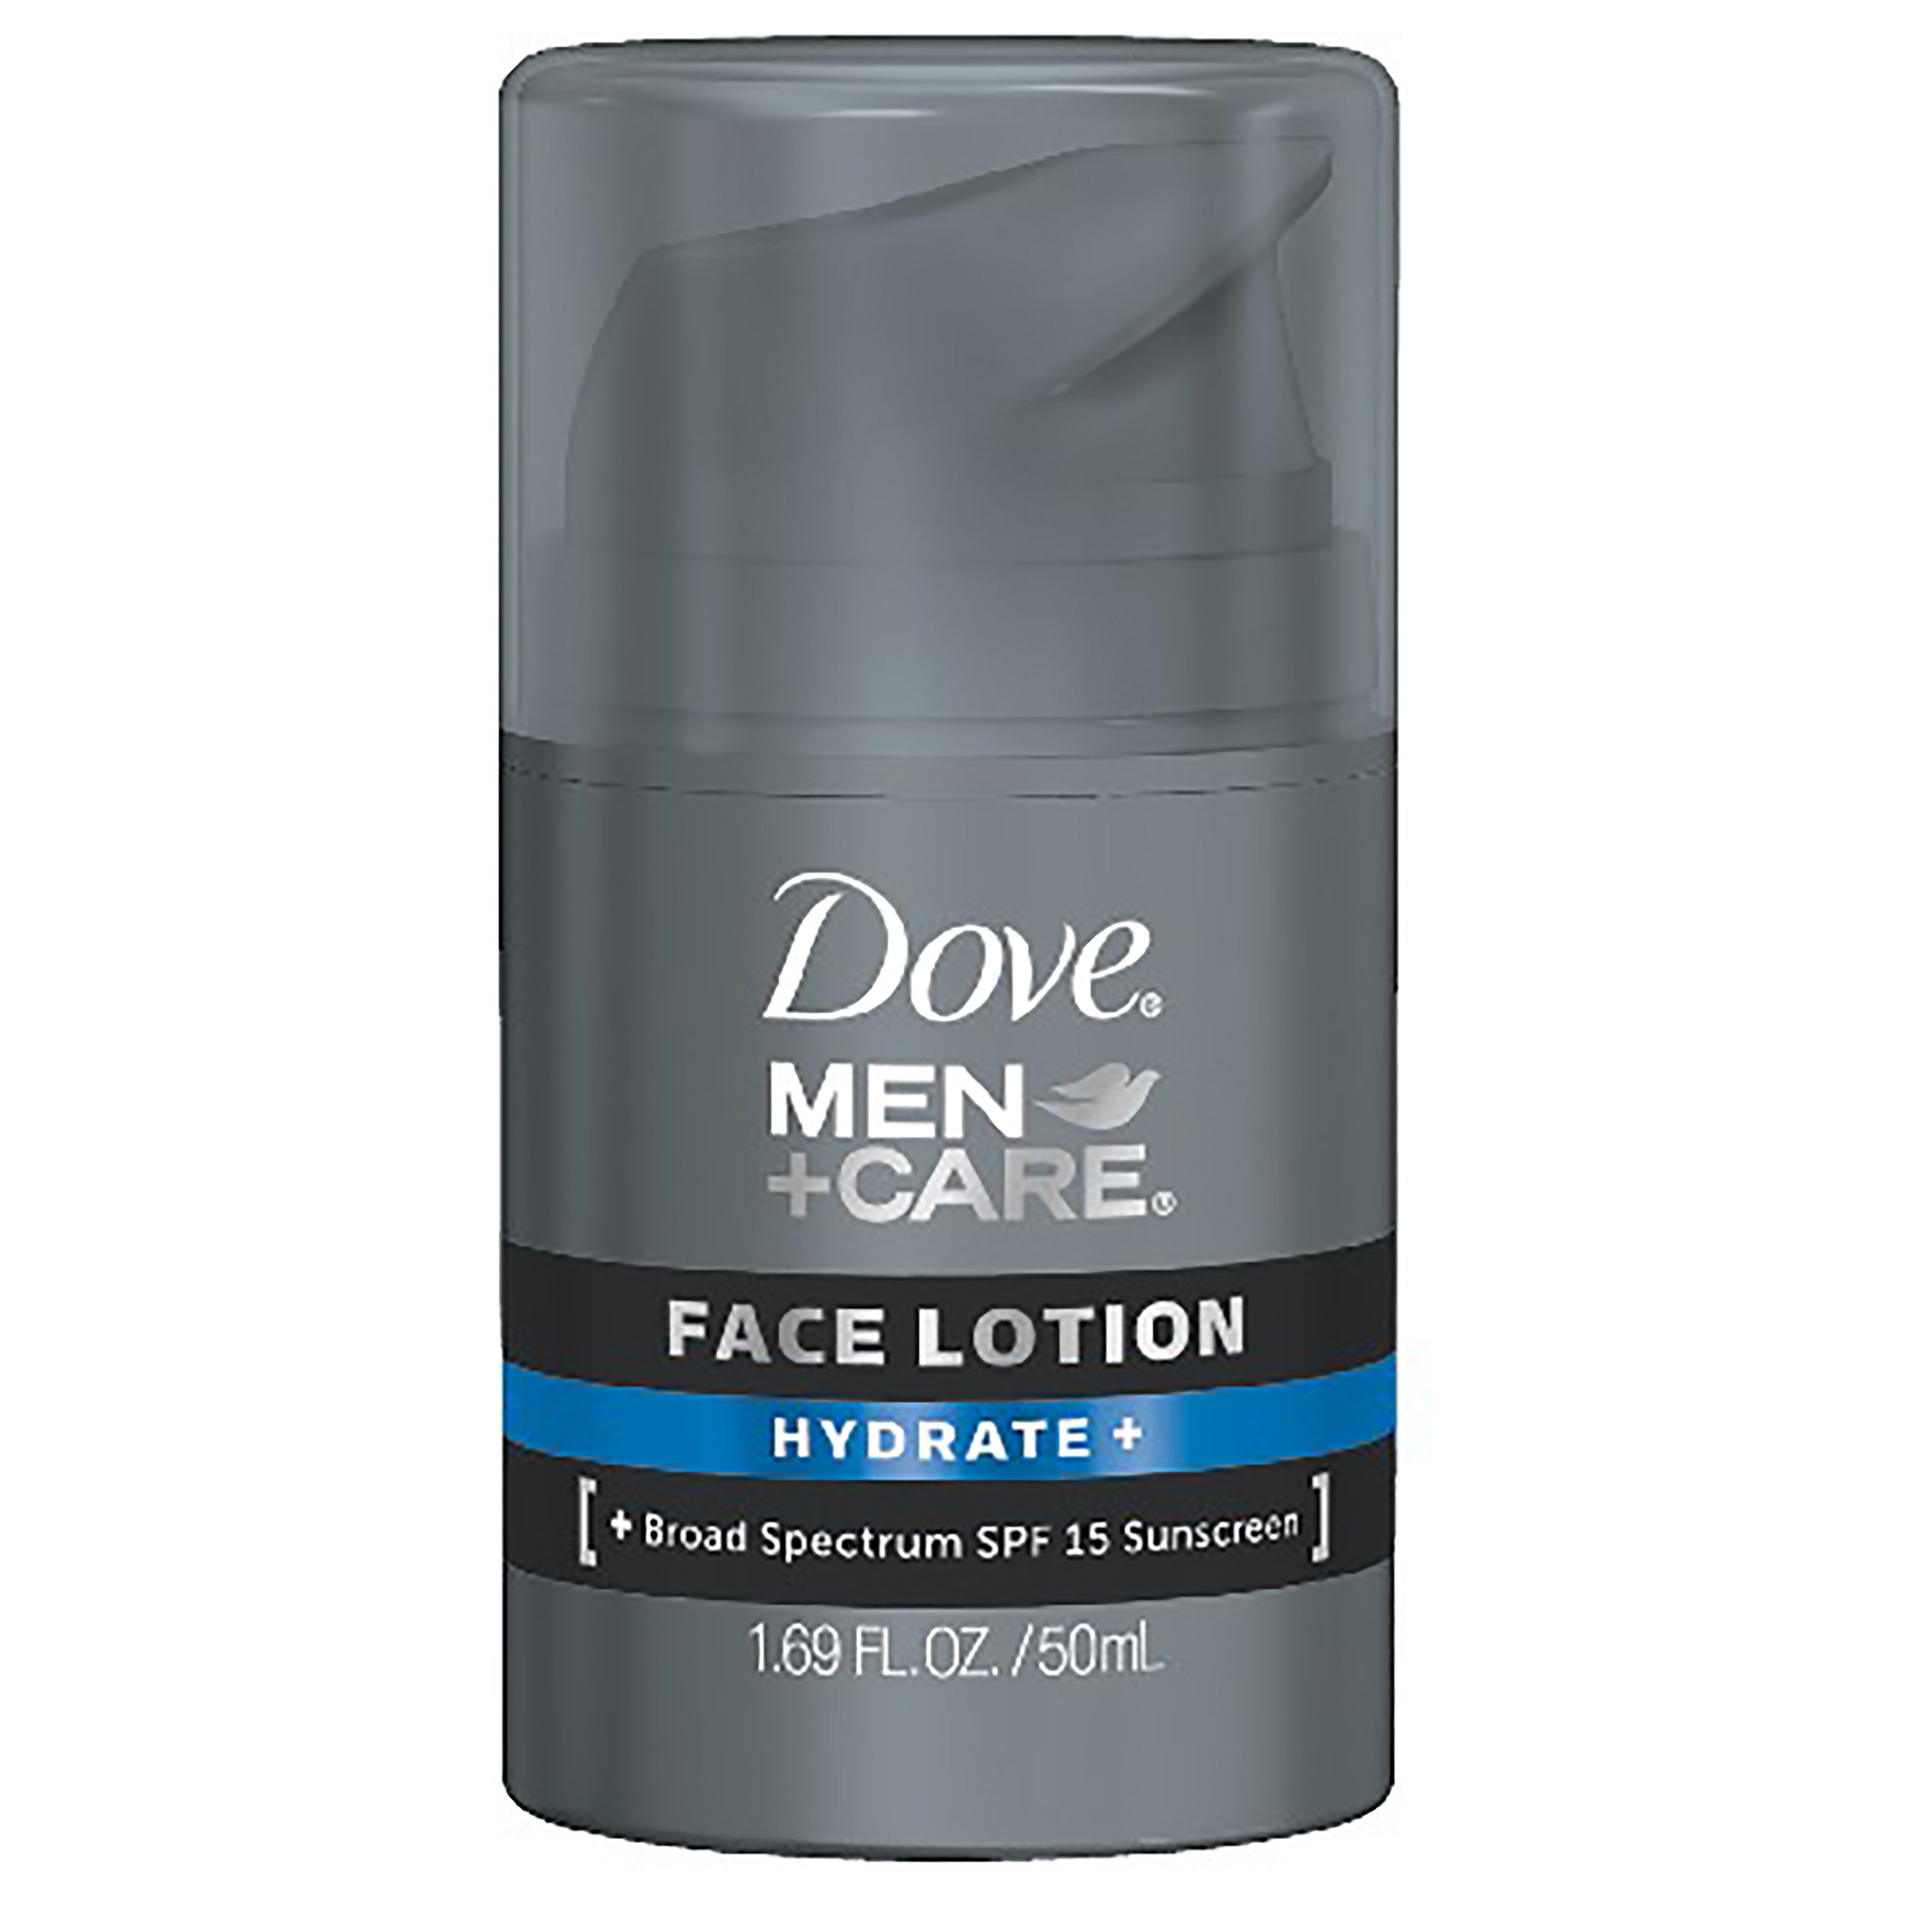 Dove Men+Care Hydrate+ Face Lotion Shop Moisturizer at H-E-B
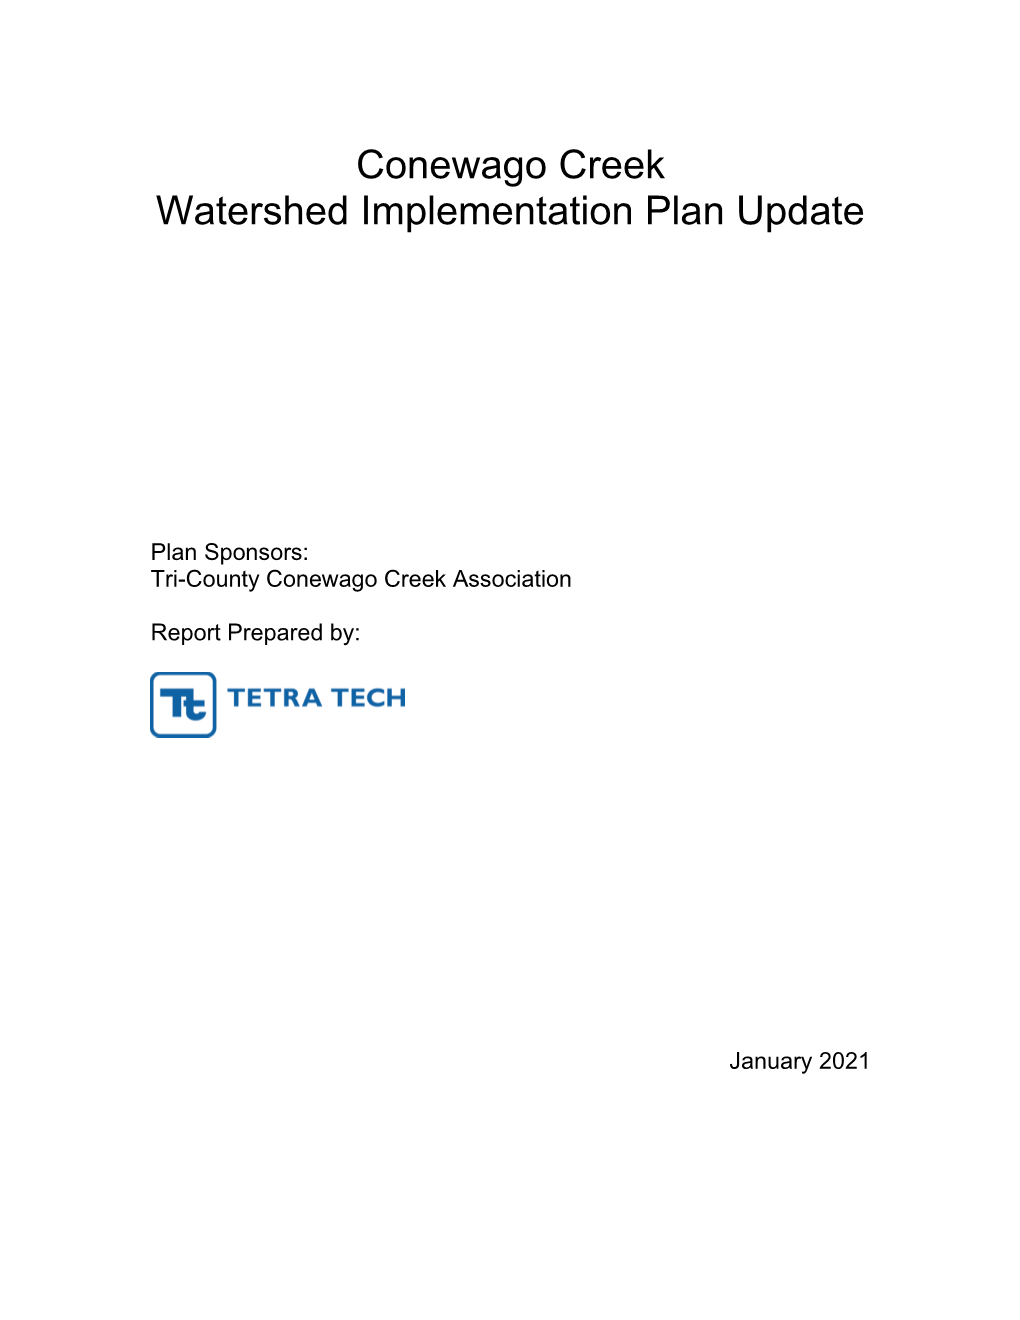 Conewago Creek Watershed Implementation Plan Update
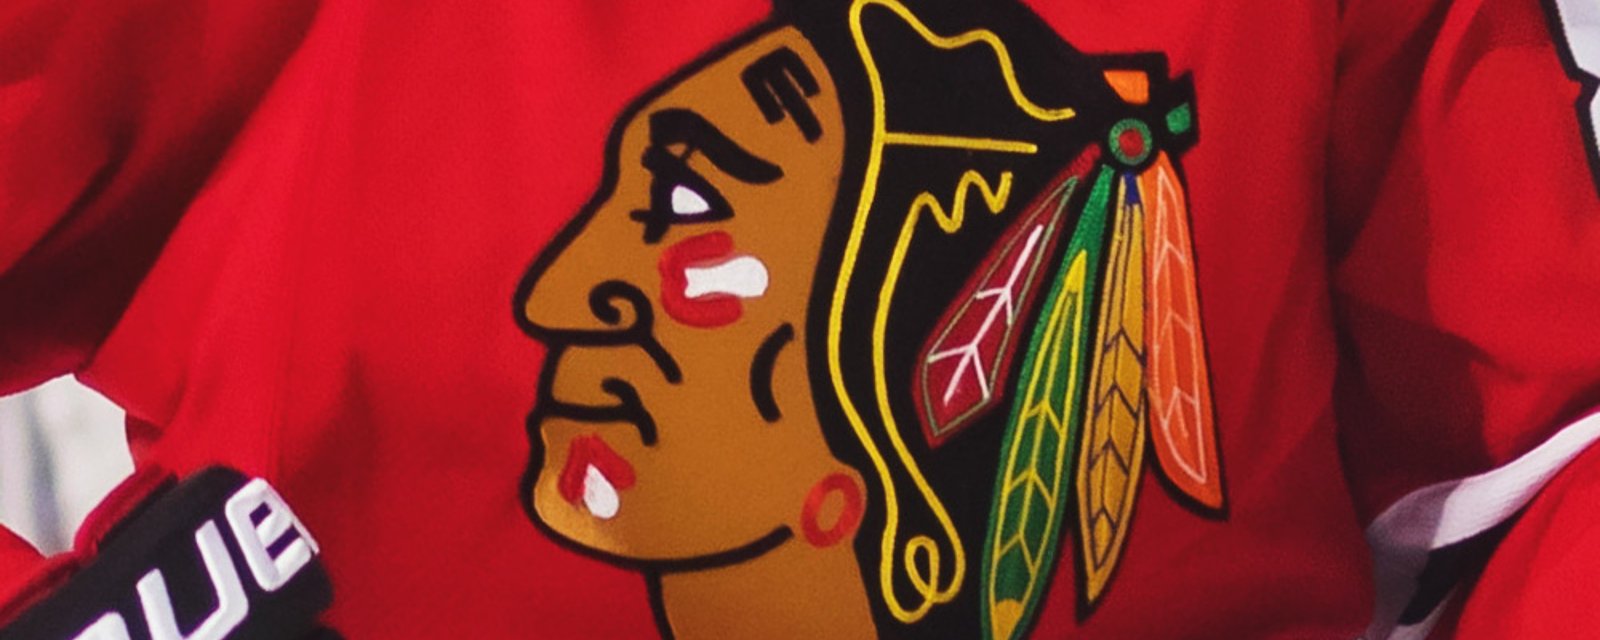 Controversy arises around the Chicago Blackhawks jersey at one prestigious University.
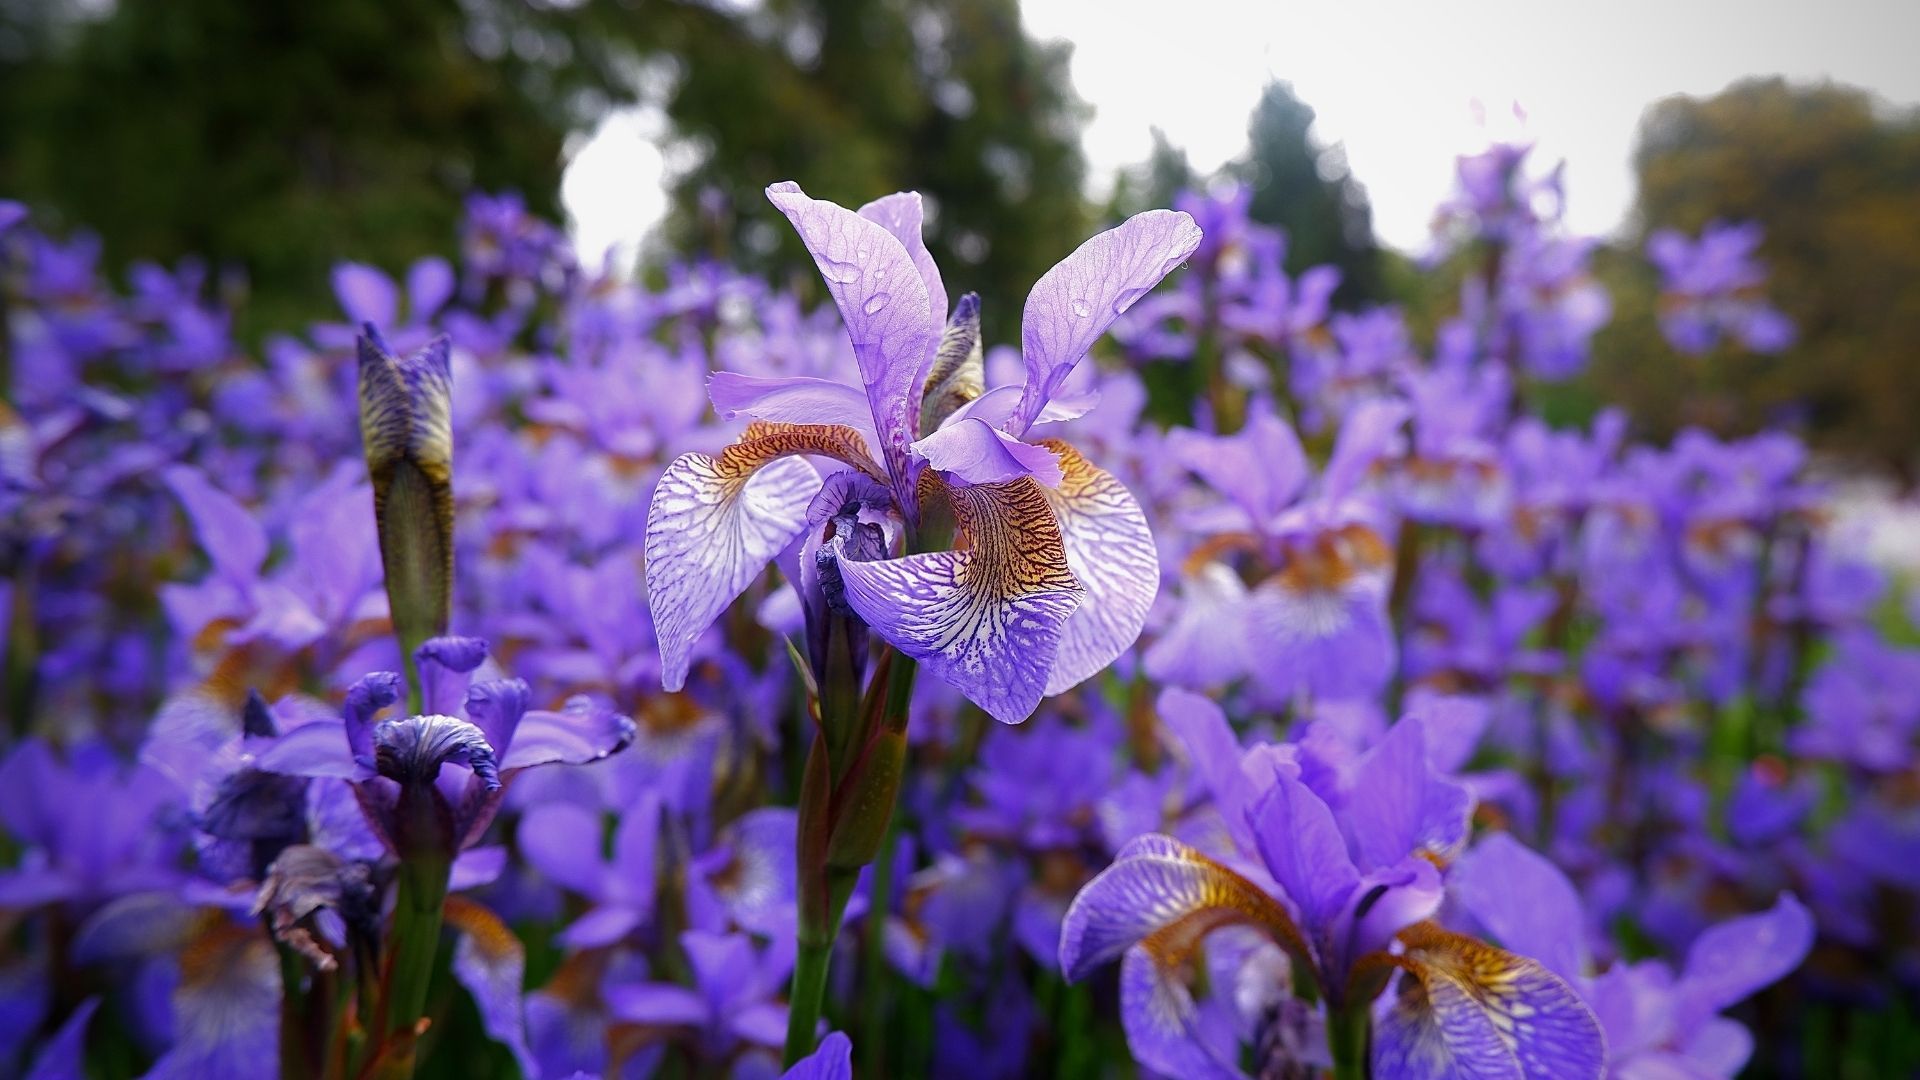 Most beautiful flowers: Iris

........

» WORK REQUIRED
Copy out the data verbatim, excluding the pictures.

» ANSWER BELOW
 Dove Men+Care Hydrate+ Face Lotion Shop Moisturizer at H-E-B
 Conewago Creek Watershed Implementation Plan Update
 Controversy arises around the Chicago Blackhawks jersey at one prestigious University.
 Most beautiful flowers: Iris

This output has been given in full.